Insentif angin dan gerakan air
Menyalurkan angin ke batang dan akar tanaman akan meningkatkan pertumbuhan dan produktivitas tanaman. Gunakan sistem yang lembut, tapi efektif untuk mengalirkan air
menstimulasi gerakan angin di Medium Tanam.
Kontrol pH
pH adalah derajat keasaman atau kebasaan air yang berpengaruh pada asupan nutrisi. Nilai pH yang tepat juga membantu mengendalikan pengaruh patogen. Kebersihan yang terawat akan memastikan pH tinggi. Gunakan tester pH untuk memeriksa setiap air yang digunakan dan lakukan penyesuaian dengan bahan tambahan jika diperlukan.
Testing Nutrisi
Nutrisi adalah kebutuhan penting tanaman hidroponik. Ini dapat berupa nutrisi mineral dalam bentuk larutan yang disebut nutrien. Tambahkan sedikit nutrien khusus untuk mengoptimalkan pertumbuhan dan produktivitas tanaman. Gunakan tester nutrisi lengkap untuk mengukur konsentrasi singkat, keseragaman, dan konsentrasi individu
Gunakan Pesticides Secara Kurang Aktif
Pestisida adalah alat yang berharga untuk mengendalikan hama dan penyakit. Gunakan pestisida dengan sangat hati-hati untuk menghindari kontaminasi, keracunan makanan, dan juga tanah.
Ikuti Prosedur Penggunaan
Meskipun ada banyak informasi online tentang tanaman hidroponik, sebaiknya kita mengikuti prosedur penggunaan untuk setiap produk.. Setiap jenis tanaman memiliki kebutuhan yang berbeda, maka buatlah rencana penggunaan yang tepat.
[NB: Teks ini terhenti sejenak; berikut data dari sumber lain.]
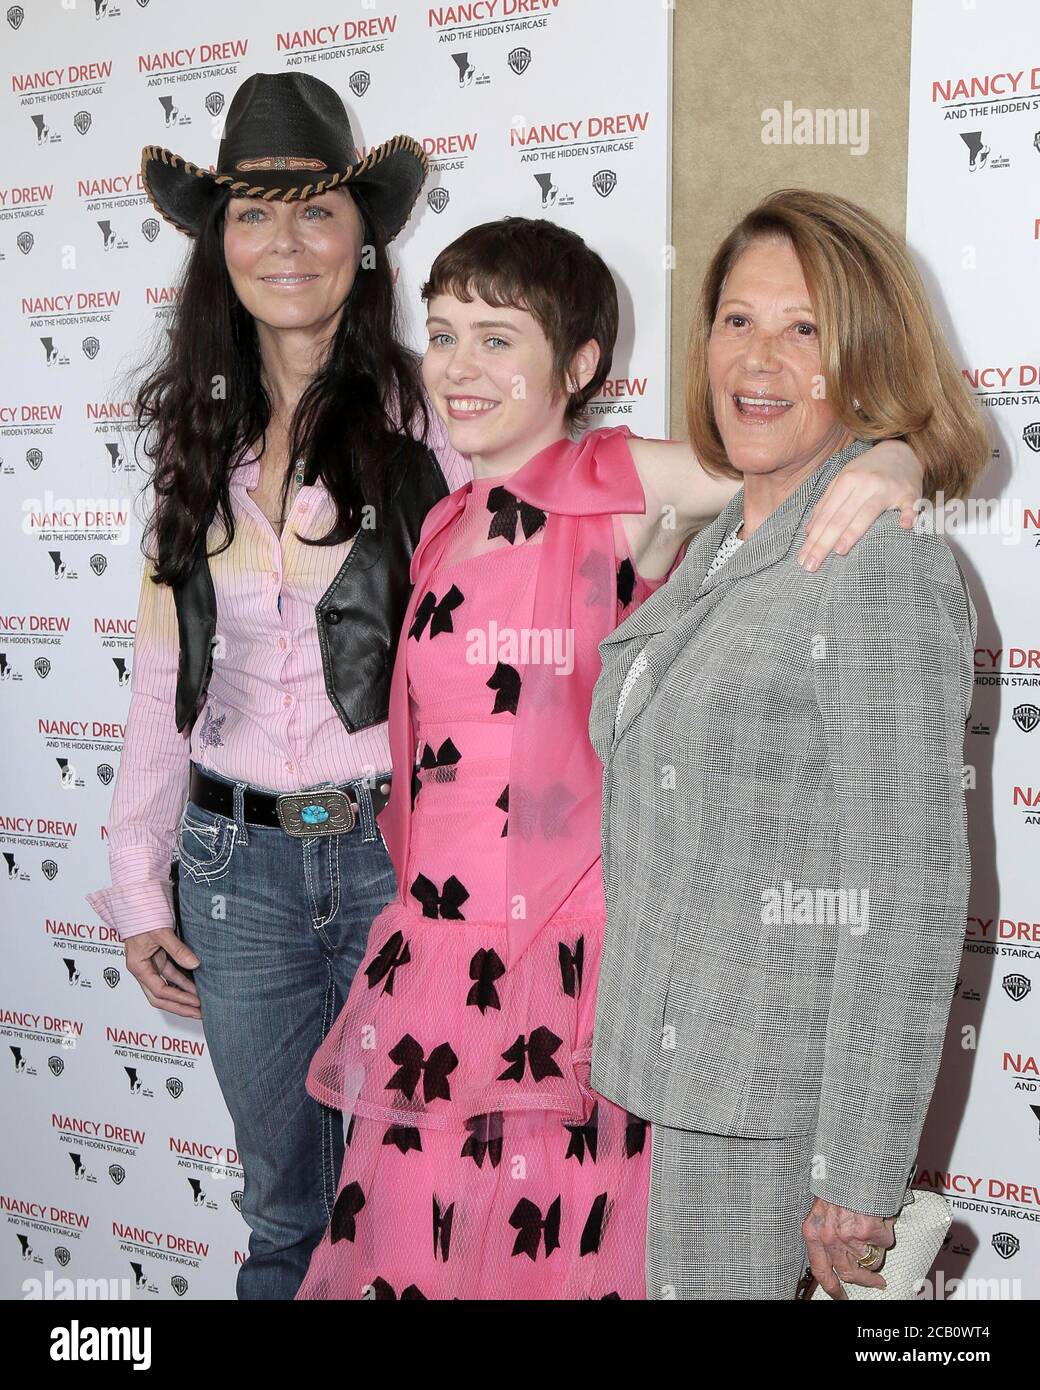 LOS ANGELES - MAR 10:  Katt Shea, Sophia Lillis, Linda Lavin at the 'Nancy Drew And The Hidden Staircase' World Premiere at the AMC Century City 15 on March 10, 2019 in Century City, CA Stock Photo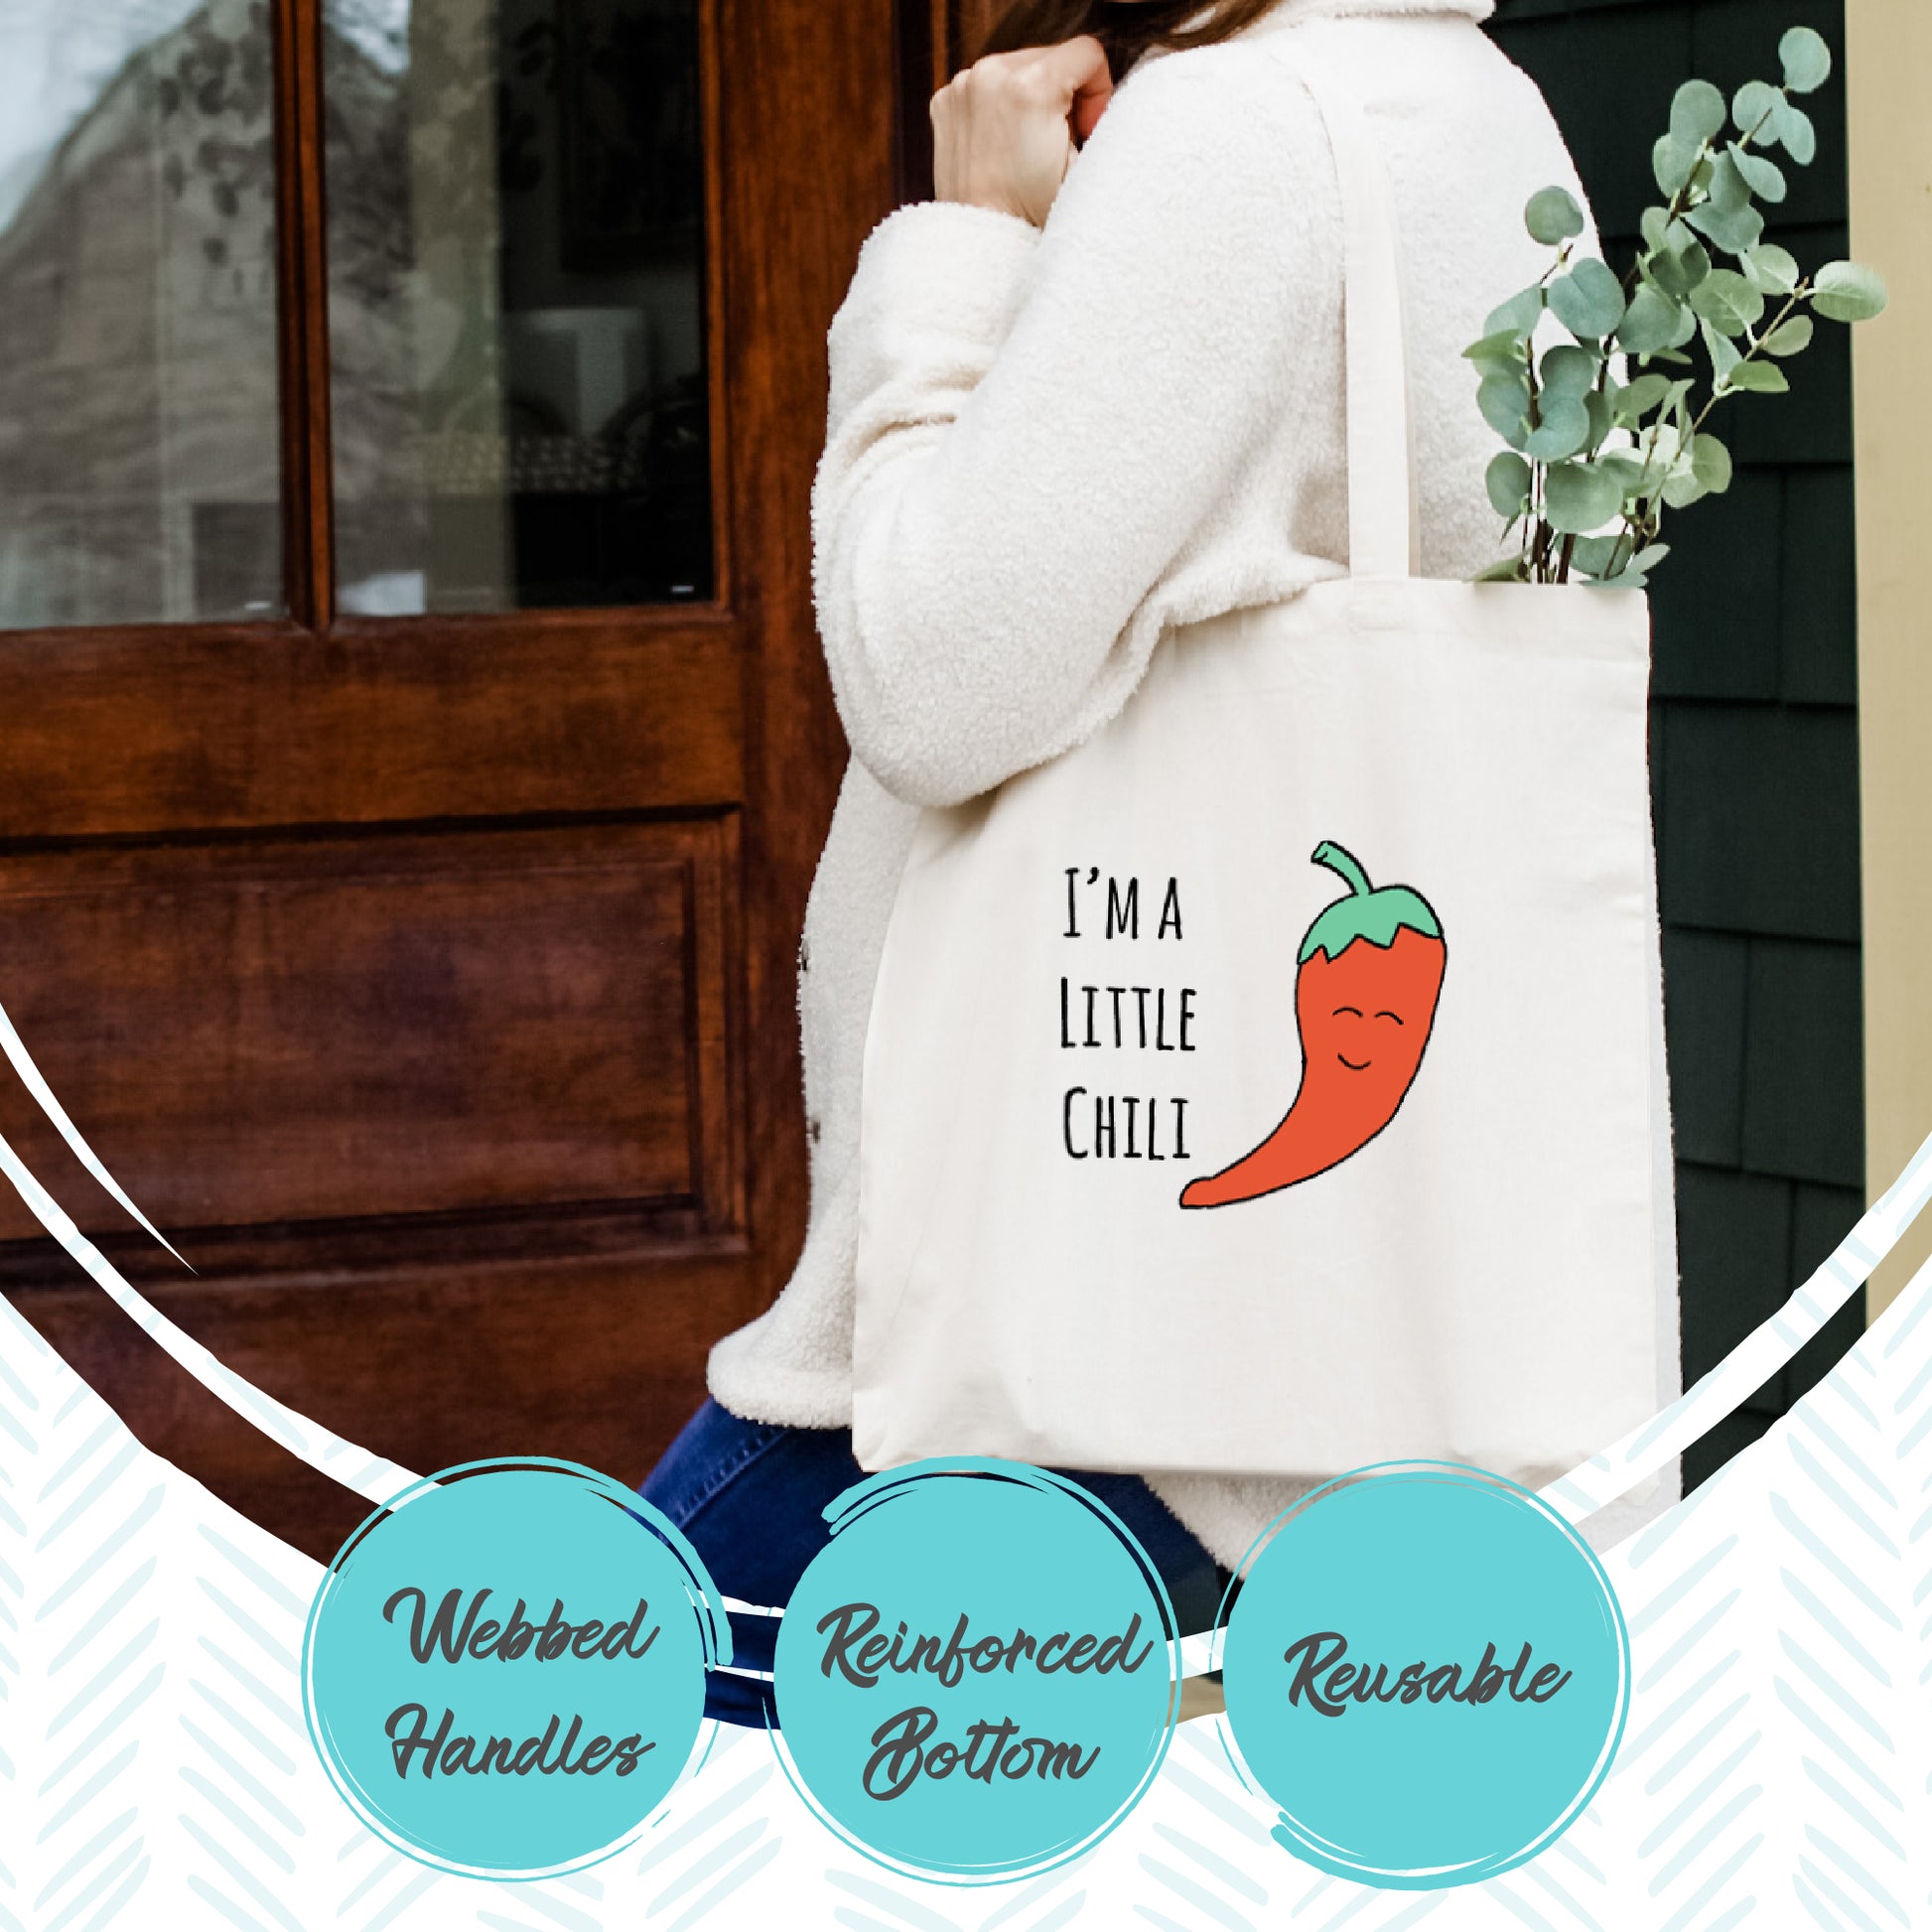 A Cup Of Tea Solves Everything (Cups) - Full Color Tote - MoonlightMakers

Plus, lakukan tes medium tanam awal, sebelum menanam, guna memastikan bahwa medium di dalam karung atau sistem yang terakumulasi tidak mengandung patogen.
Mengelola tanaman hidroponik pada awalnya kadang menakutkan. Namun ketika kita mampu mengeksekusi prinsip-prinsip ini dengan benar kita dapat menikmati semua manfaat dari tanaman hidroponik.